Next IPCC report will focus on clouds and sea level rises
The Intergovernmental Panel on Climate Change (IPCC) is also planning an extra report on extreme events such as droughts, floods, heat waves or mudslides projected because of global warming.
Michael von Bülow | COP15 Copenhagen | 20/07/2009 07:55
The next assessment report from the Intergovernmental Panel on Climate Change (IPCC), due in 2014, will have more attention on cloud formation and rises in sea level, the head of the panel Rajendra Pachauri said on Friday.
"In the case of clouds we will certainly provide much greater emphasis in this report – clouds, aerosols, black carbon. These are issues that we will certainly cover in much greater detail," he told Reuters in a telephone interview from Venice, where leading scientists met last week to work out an outline to be approved later this year.
"Sea level rise is another issue that...will get much greater in-depth attention," Pachauri said.

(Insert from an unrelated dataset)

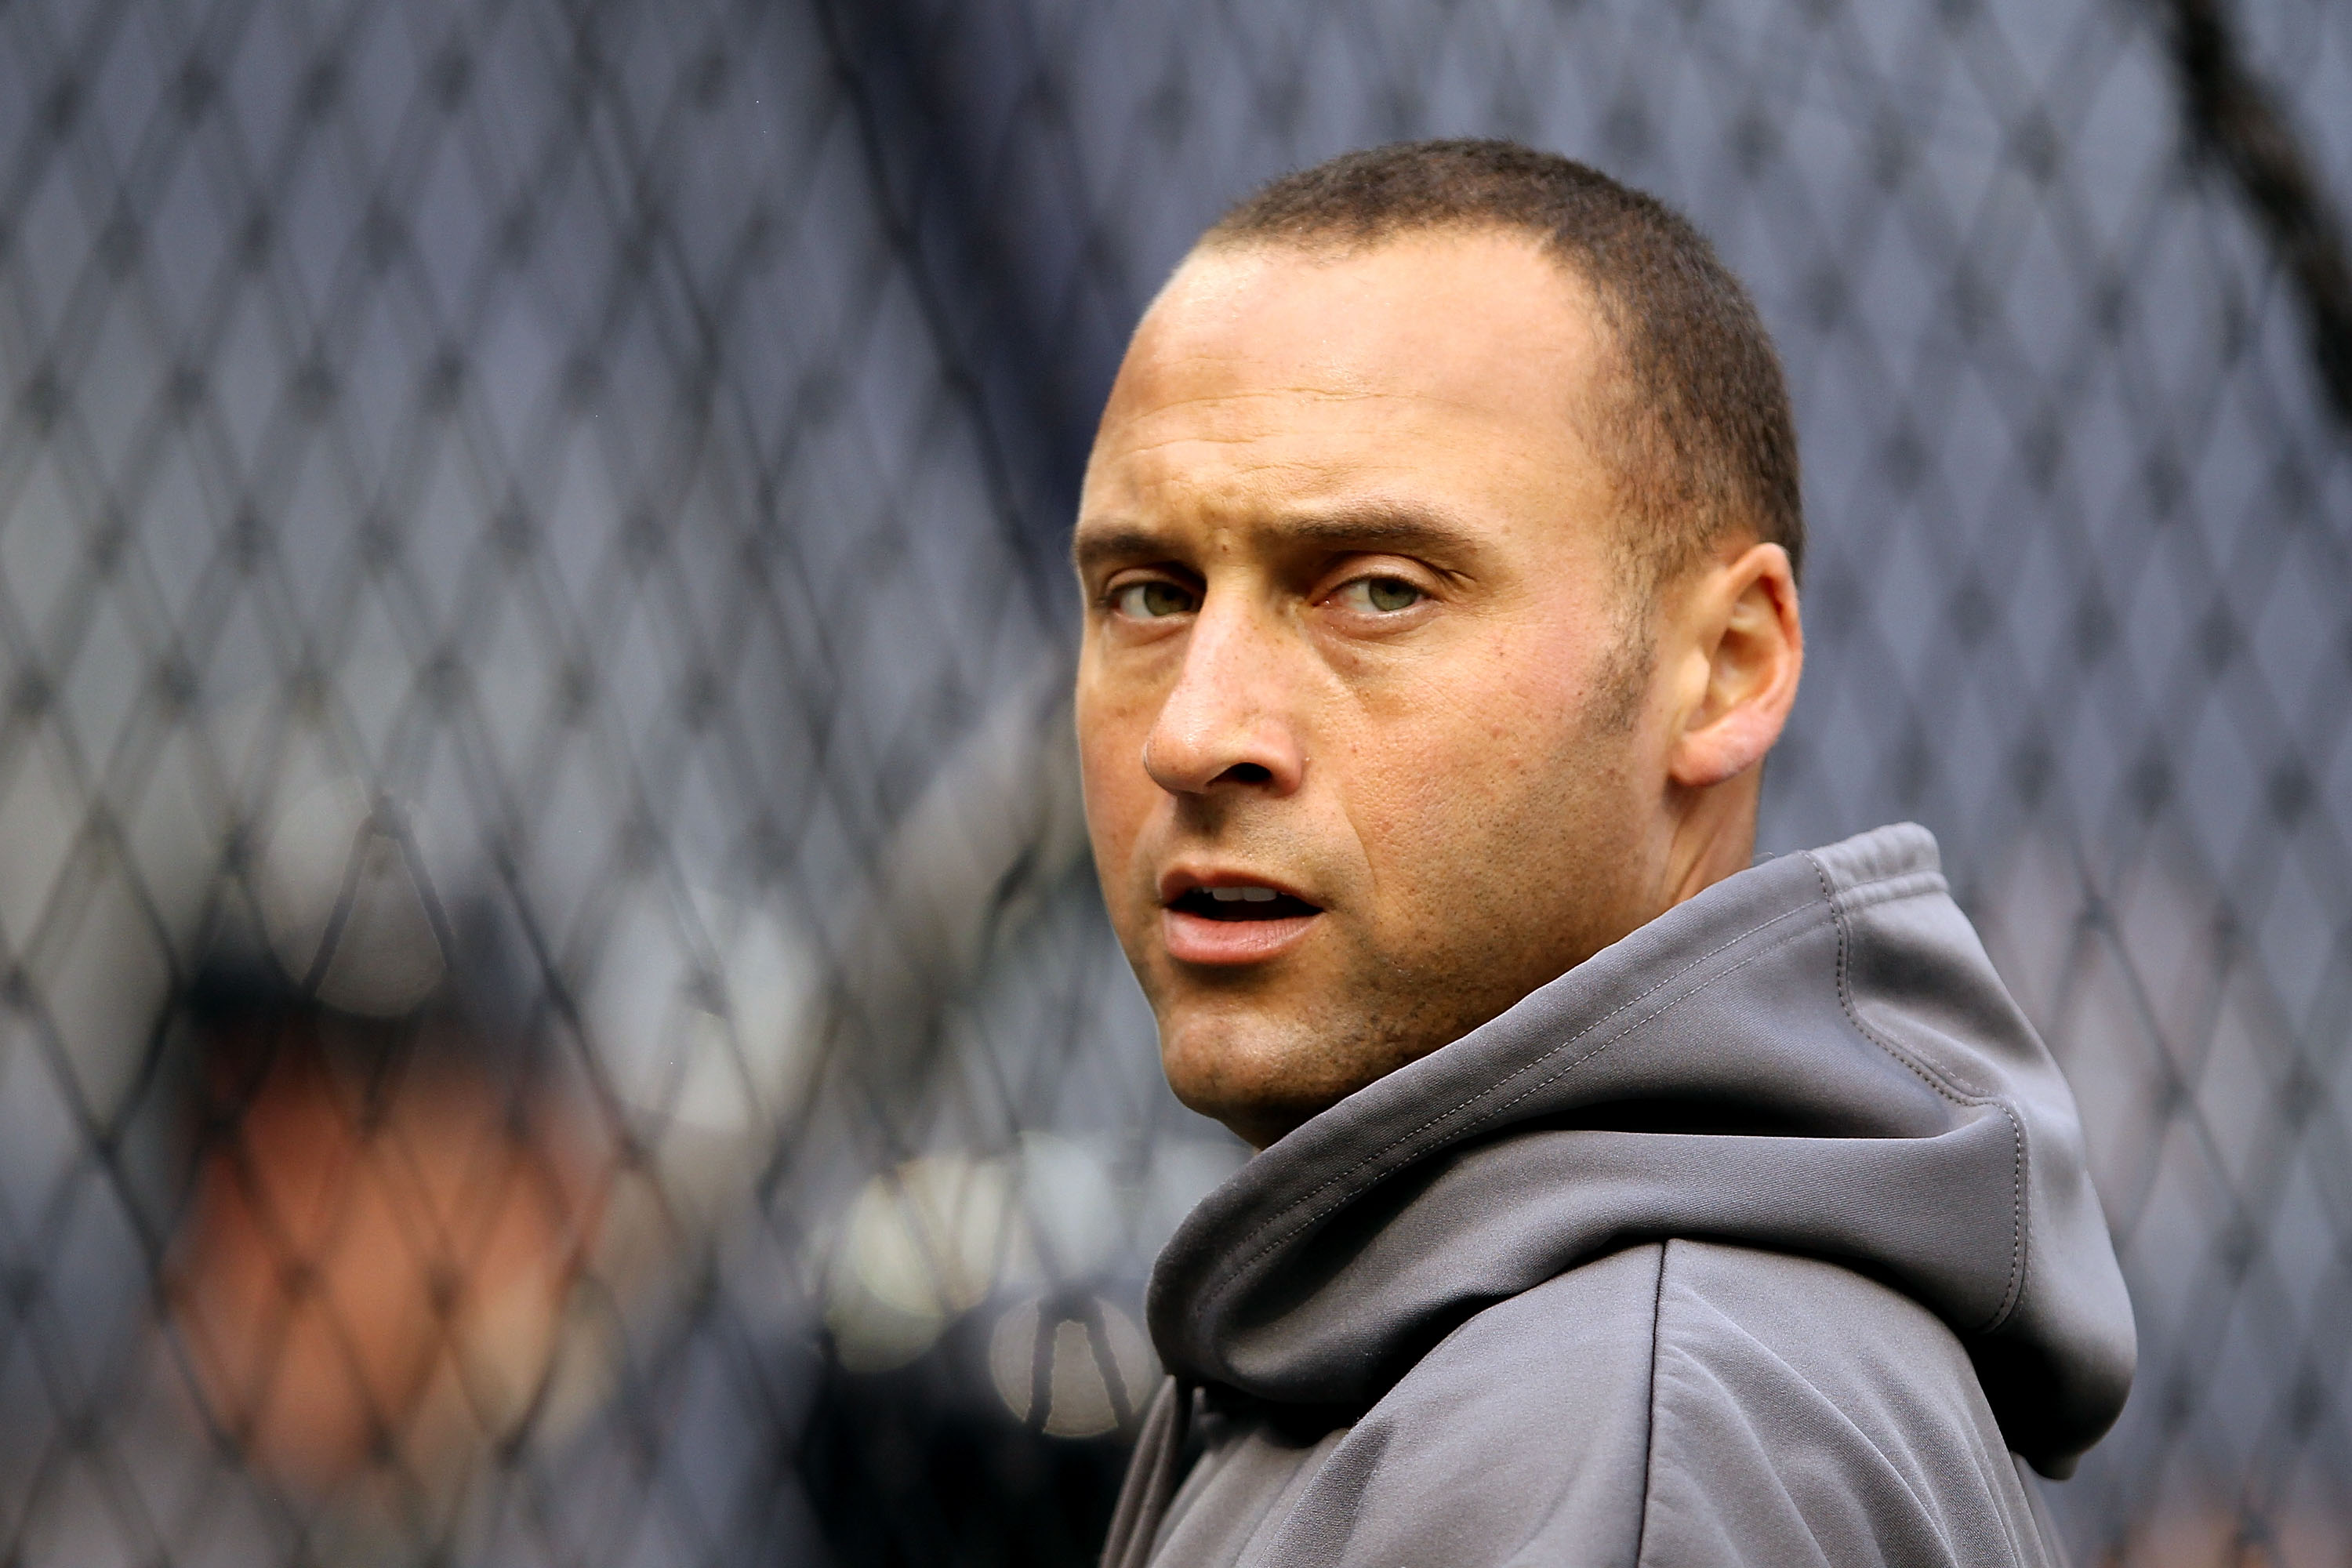 NEW YORK - OCTOBER 20:  Derek Jeter #2 of the New York Yankees looks on during batting practice against the Texas Rangers in Game Five of the ALCS during the 2010 MLB Playoffs at Yankee Stadium on October 20, 2010 in the Bronx borough of New York City.  (

The next report by the IPCC, which shared the 2007 Nobel Prize with climate activist and former US Vice President Al Gore, is intended to guide nations after the planned agreement of a new UN climate treaty in Copenhagen this December.
In addition to the assessment report the IPCC is planning an extra report on extreme events such as droughts, floods, heat waves or mudslides projected because of global warming.